Moisés se dedicaba a tallar la madera y tomó gusto por hacer enanos de jardín a los que coloreaba y daba algún rasgo distintivo, de modo que cada parterre o balconada habitado por una de sus esmeradas tallas, adquiría un sello propio que todos los afortunados propietarios tenían en gran estima.
Una buena mañana, soleada y adornada por el trinar de las aves, Moisés oyó cómo el repiqueteo de los cascos de caballo de una calesa cesaba al llegar a la altura de su taller. Dejó el buril a un lado, se limpió las virutas de madera del mandil, y esperó atento a las sombras que se filtraban bajo la puerta. Poco tardó en presentarse un personaje bien rasurado y peinado, ataviado de ricas telas, y con ademanes cortesanos, que así habló:
‒ ¿Eres Moisés el artesano que hace enanos?

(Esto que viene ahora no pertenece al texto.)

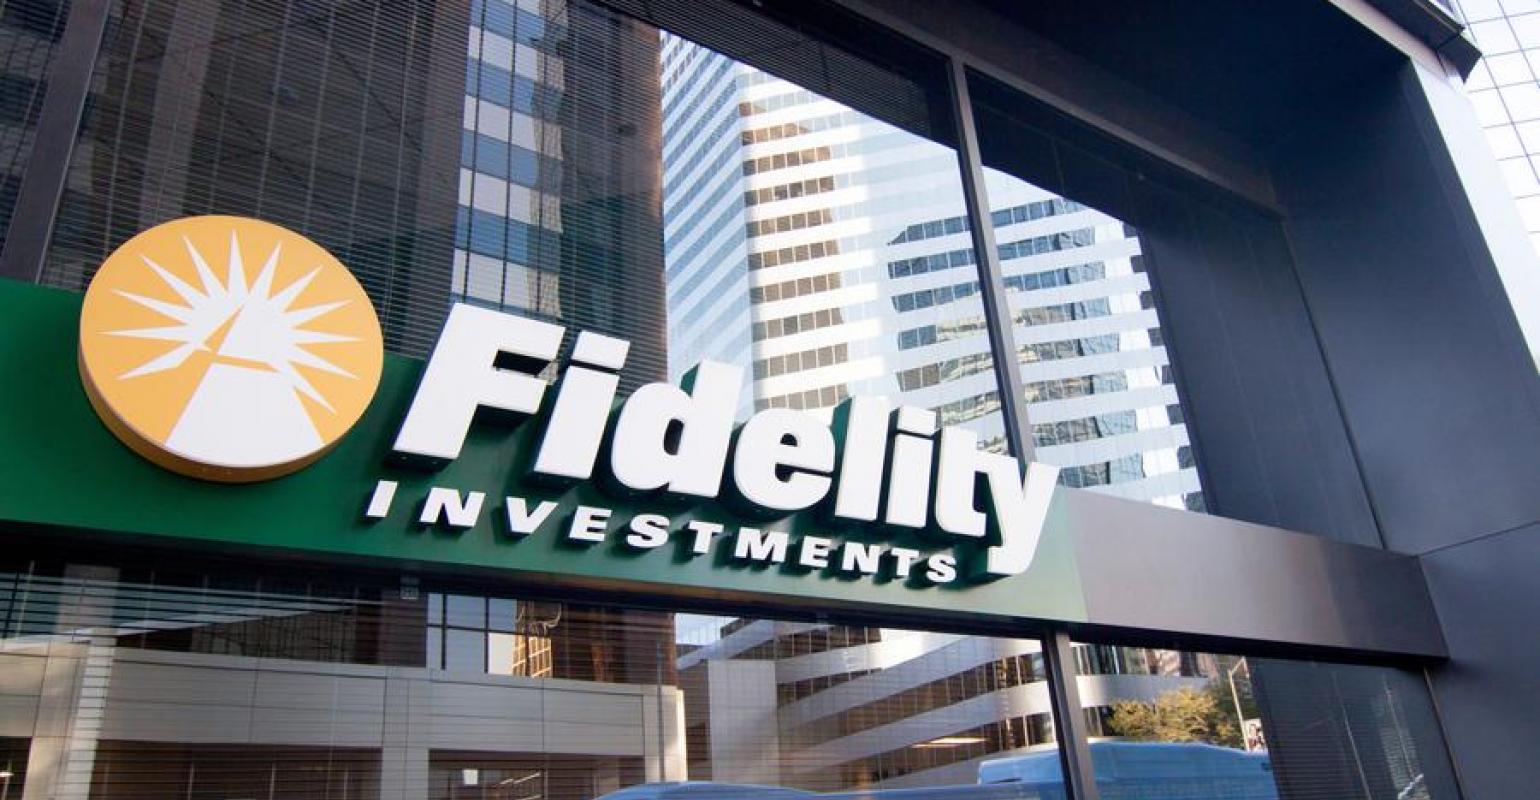 Fidelity Investments - Wikipedia

‒ Sí, lo soy; para servirle‒, respondió nuestro hombre con una breve inclinación de cabeza en reconocimiento a la hidalguía que percibiera en su interlocutor.
‒ Soy el chambelán del Rey. Hasta palacio ha llegado la fama de tus enanos y Su Majestad quiere que le hagas uno para adornar su patio privado.
‒ Nada más fácil, mi señor‒, y diciendo esto se giró y tomó el primer enano que, alineado con otros, descansaba en una repisa a sus espaldas, y se lo ofreció a su distinguido visitante con una sonrisa beatífica.
Ello provocó una sonrisa no menos beatífica en el chambelán, y como si explicase a un colegial la obviedad más obvia del universo, le aclaró benévolo mientras abría mucho los ojos:
‒ Mi querido maese Moisés; creo que igual no me he explicado bien. Se trata de un enano para el Rey …
La respuesta del buen artesano, no se hizo esperar:
‒ Excelencia; todos mis enanos están hechos como si fuesen para el Rey.